Fertilization is not strictly necessary, but keeping the soil alive and ventilated encourages the growth and resistance of the plants. In autumn it is recommended to spread abundant floured manure or pellets in the area covered by the canopy. In addition to enriching the soil, it will also protect the roots from frost. When spring arrives, we will add a handful of granules for green plants and incorporate everything by means of light hoeing.

Rusticity

bacche callicarpa These shrubs can easily withstand temperatures as low as -10°C, but it is not unusual for them to survive unharmed much colder winters (especially in the case of well-established plants). On the other hand, they are afraid of icy winds and sudden drops in temperature: this is why it is important to choose sheltered positions and protect young specimens, especially the root system.

In fact, it may happen that the aerial part is totally “burned”, but most of the time the shrub is saved thanks to new basal jets.

Pruning

The pruning of the callicarp should be carried out in two stages.

First of all, the branches are shortened by half their length immediately at the end of the plant. We also eliminate badly positioned branches and all those that appear weak or damaged.

Afterwards, it will be possible to harvest it at the end of winter, approximately in March, when the frosts are certainly over. The intention will be to stimulate the plant to produce new branches, very floriferous and then bearers of berries. Let’s eliminate all branches older than 2 years, with a diameter of more than one centimetre. We never intervene after flowering, however, otherwise we will lose the production of beautiful lilac-colored fruits.

Propagation

The simplest method of propagating the callicarp is stem cutting.

It begins in September by taking out semi-woody lateral branches and cutting segments about 15 cm long. Let’s put them in a mixture of peat and sand in equal proportions. Let’s put them in the shade, but keep the temperatures and the humidity high. The rooting is quite fast (about 60 days), after which we can transfer into individual jars with final compost. Let’s protect from the cold and settle definitively in the spring.

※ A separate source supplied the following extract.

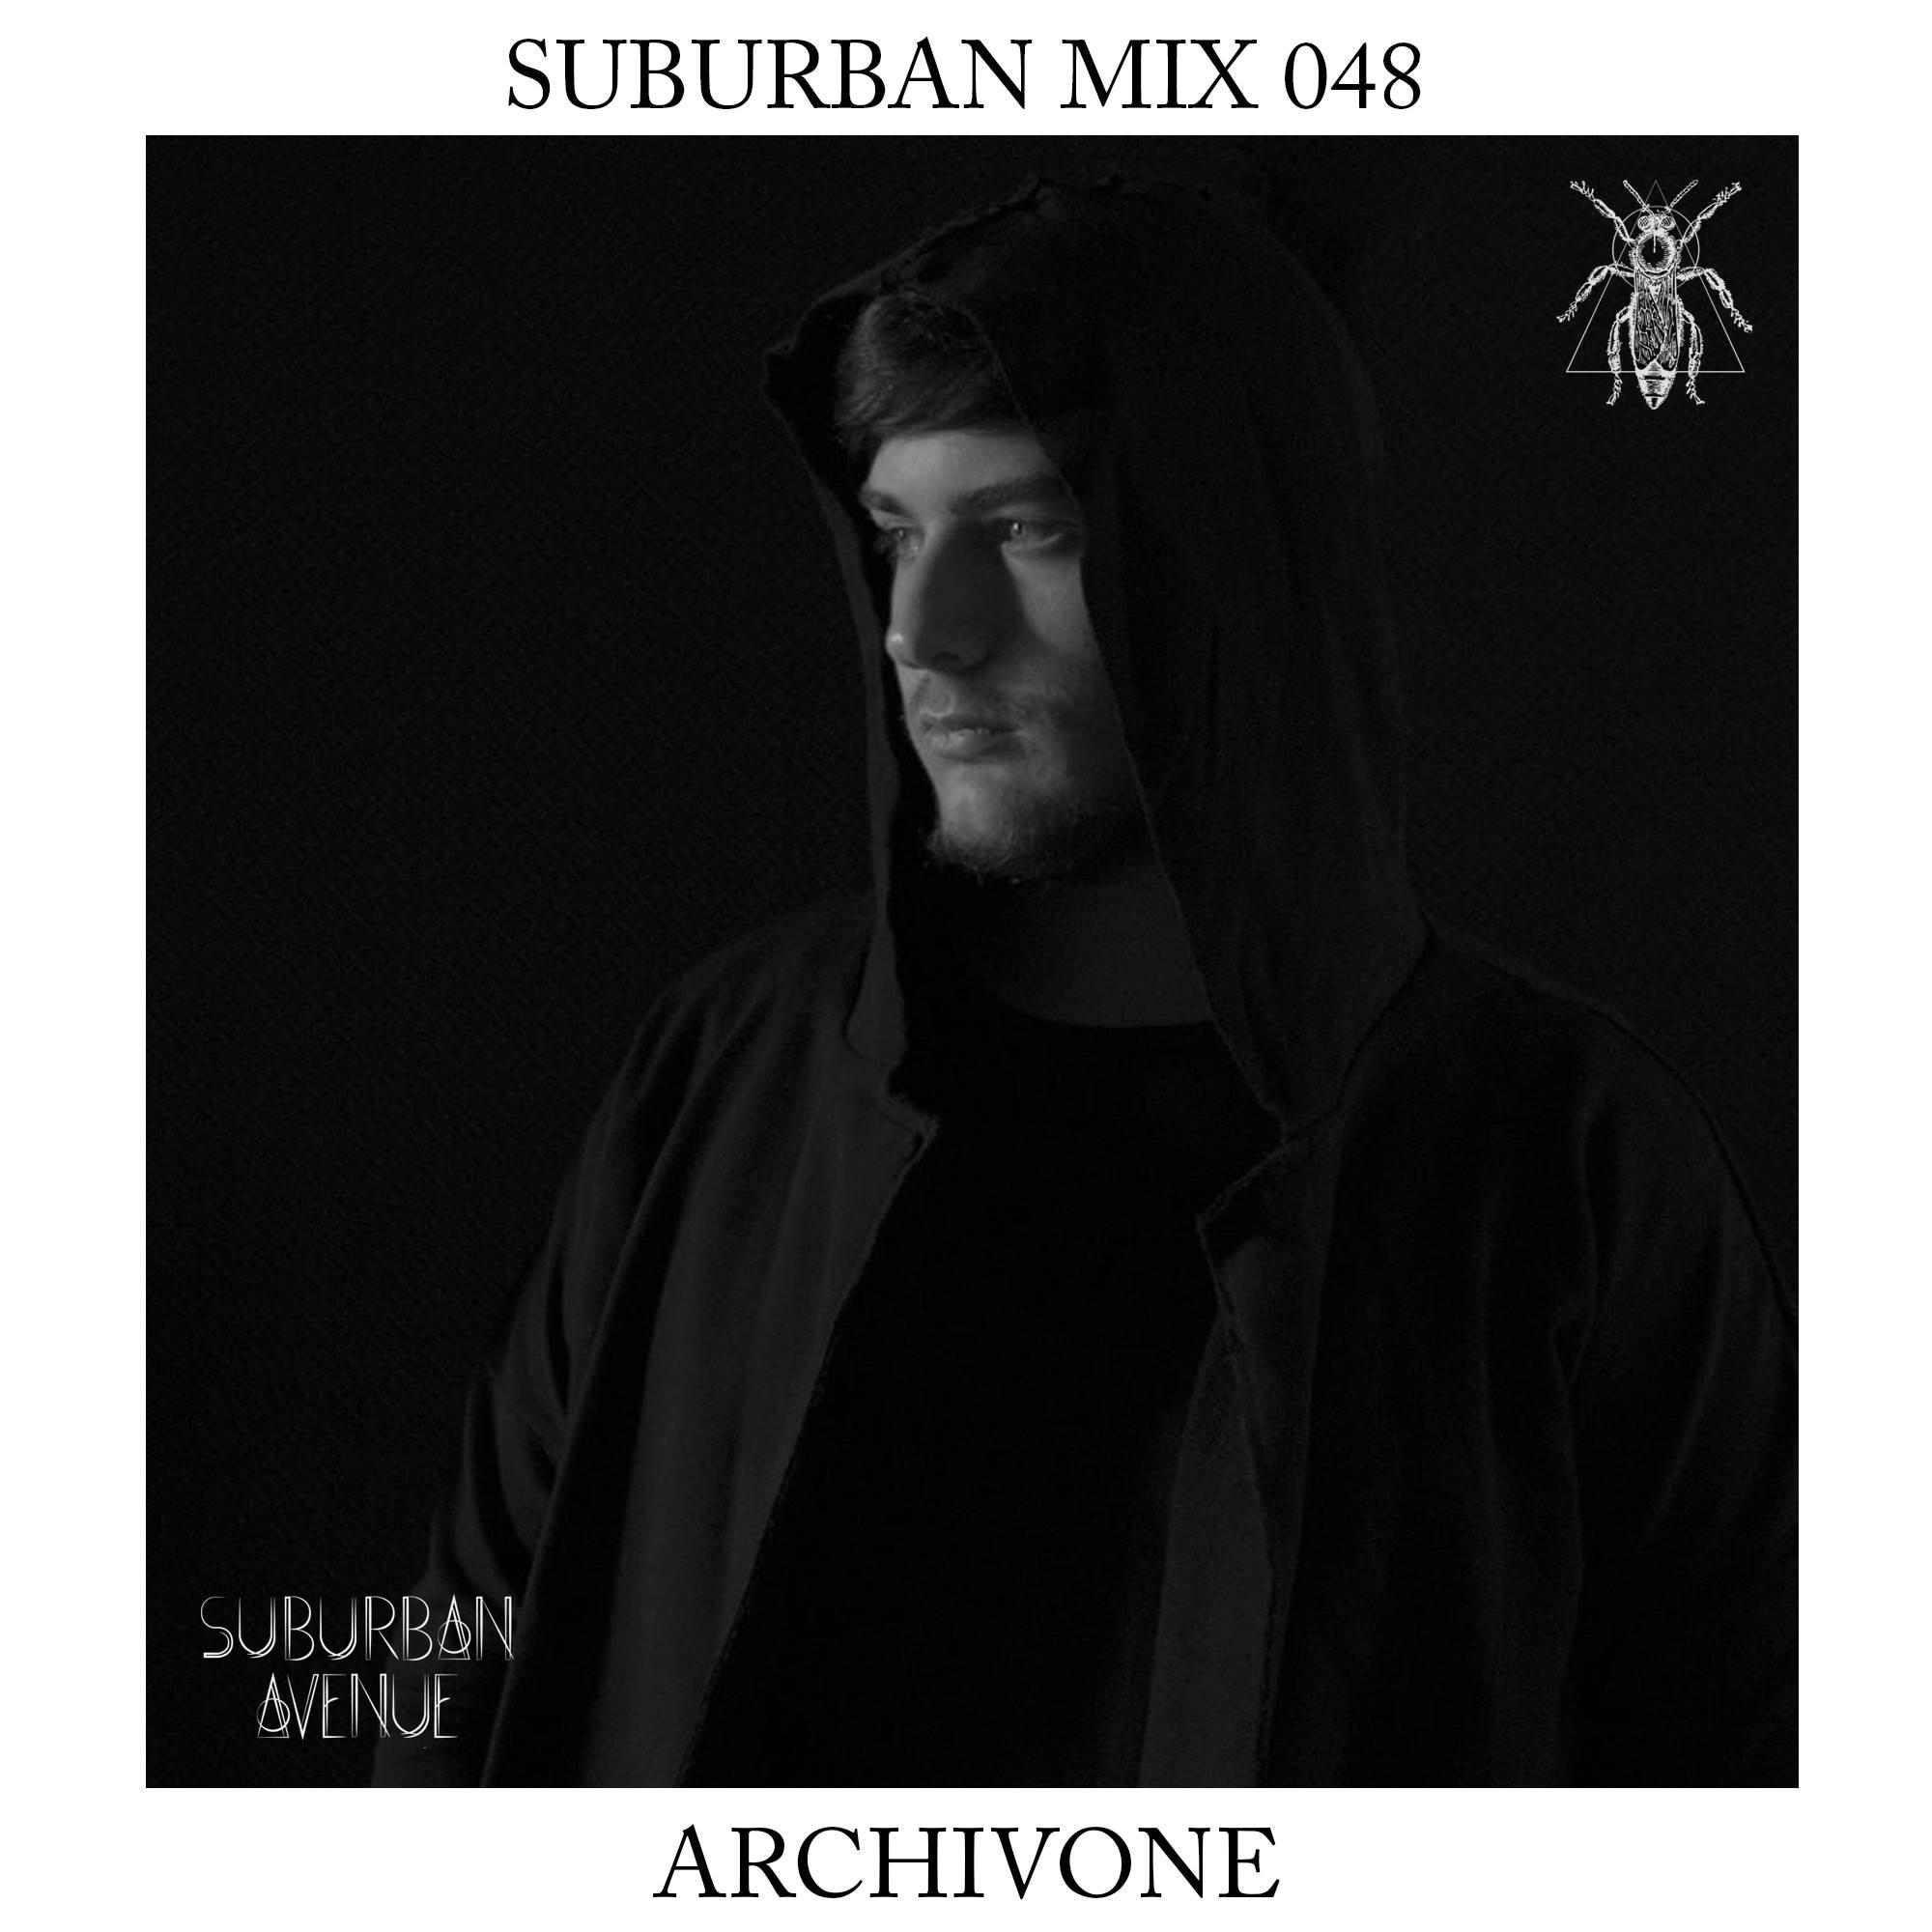 Suburban Mix 048 - Archivone

Callicarpa bodinieri: Species and varieties

Callicarpa bodinieri, var. giarldi “profusion”

Very interesting cultivar for the beautiful coloration of the leaves. When young they are bronze-purple, then turn dark green and finally, in autumn, bright yellow. The branches are tomentose, while the flowers, pale pink, open in summer. The berries are a beautiful dark purple and remain on the plant until the end of winter. It grows to 3 meters in width and height. It prefers warm climates and locations.

Callicarpa dichotoma “Cardinal”

The characteristic feature of this shrub are the leaves, bright green in spring, then purplish pink in autumn. The flowering is light pink, followed by beautiful lilac berries. Suitable for small gardens as it does not exceed 1.5 m in height and width.

Callicarpa japonica “Leucocarpa”

It has thin light green leaves that turn to cream in autumn. The summer flowers are white and are followed by beautiful white berries. This too is contained and does not exceed one and a half metres.

Callicarp rubella

The leaves, very large, are first green, then turn into a beautiful pink. The summer flowers are dark pink, followed by berries of the same colour. The height ranges from 1.5 m to more than 3. It fears the cold and needs protection.